Globalization and Economic Ethics
Title | Globalization and Economic Ethics PDF eBook |
Author | Albino Barrera |
Publisher | Palgrave MacMillan |
Pages | 312 |
Release | 2007-12-15 |
Genre | Business & Economics |
ISBN |
What is the appropriate criterion to use for distributive justice? Is it efficiency, need, contribution, entitlement, equality, effort, or ability? Globalization and Economic Ethics maintains that far from being rival principles of distributive justice, efficiency and need satisfaction are, in fact, complementary norms in our emerging knowledge economy. After all, human capital plays the central role in effecting and sustaining long-term efficiency in the Digital Age. This book explores the vital link between human capital formation and allocative efficiency using the properties of the market and the knowledge economy as analytical tools.
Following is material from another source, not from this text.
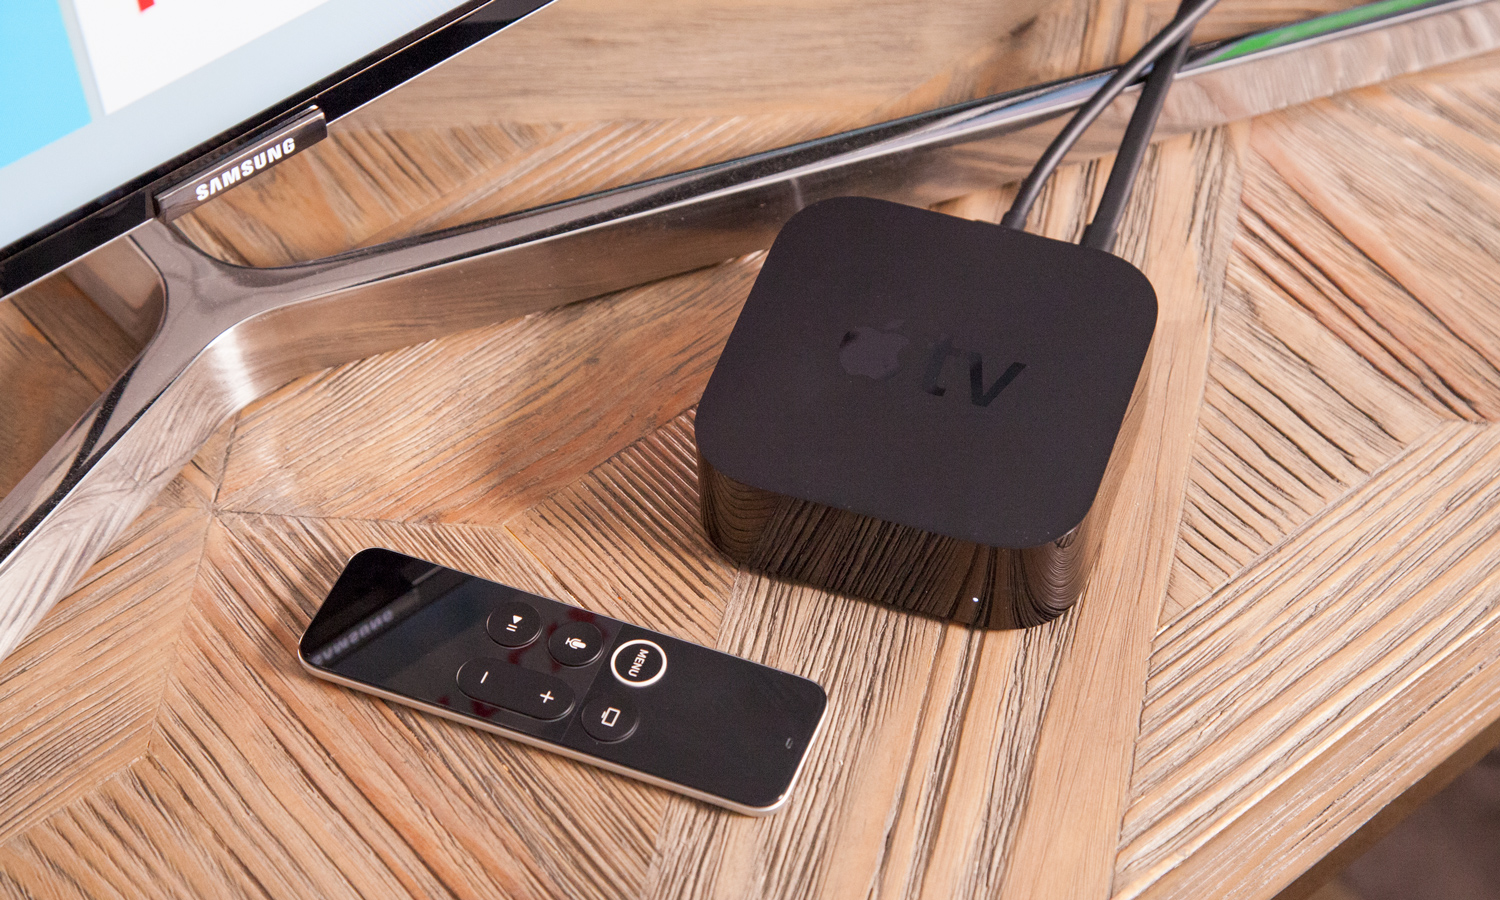 Apple reportedly has a new TV Stick and Amazon Echo-style speaker in the works

Handbook on the Knowledge Economy
Title | Handbook on the Knowledge Economy PDF eBook |
Author | David Rooney |
Publisher | Edward Elgar Publishing |
Pages | 324 |
Release | 2005 |
Genre | Business & Economics |
ISBN |
This fascinating Handbook defines how knowledge contributes to social and economic life, and vice versa. It considers the five areas critical to acquiring a comprehensive understanding of the knowledge economy: the nature of the knowledge economy; social, cooperative, cultural, creative, ethical and intellectual capital; knowledge and innovation systems; policy analysis for knowledge-based economies; and knowledge management. In presenting the outcomes of an important body of research, the Handbook enables knowledge policy and management practitioners to be more systematically guided in their thinking and actions. The contributors cover a wide disciplinary spectrum in an accessible way, presenting concise, to-the-point discussions of critical concepts and practices that will enable practitioners to make effective research, managerial and policy decisions. They also highlight important new areas of concern to knowledge economies such as wisdom, ethics, language and creative economies that are largely overlooked. Distinguished by a combination of practical relevance and analytical rigour, this Handbook provides new insights into the basic mechanisms that constitute a knowledge economy and society, and will be invaluable to practitioners and academics in diverse areas of interest, including: knowledge management, innovation management, knowledge policy, social epistemology, and development studies.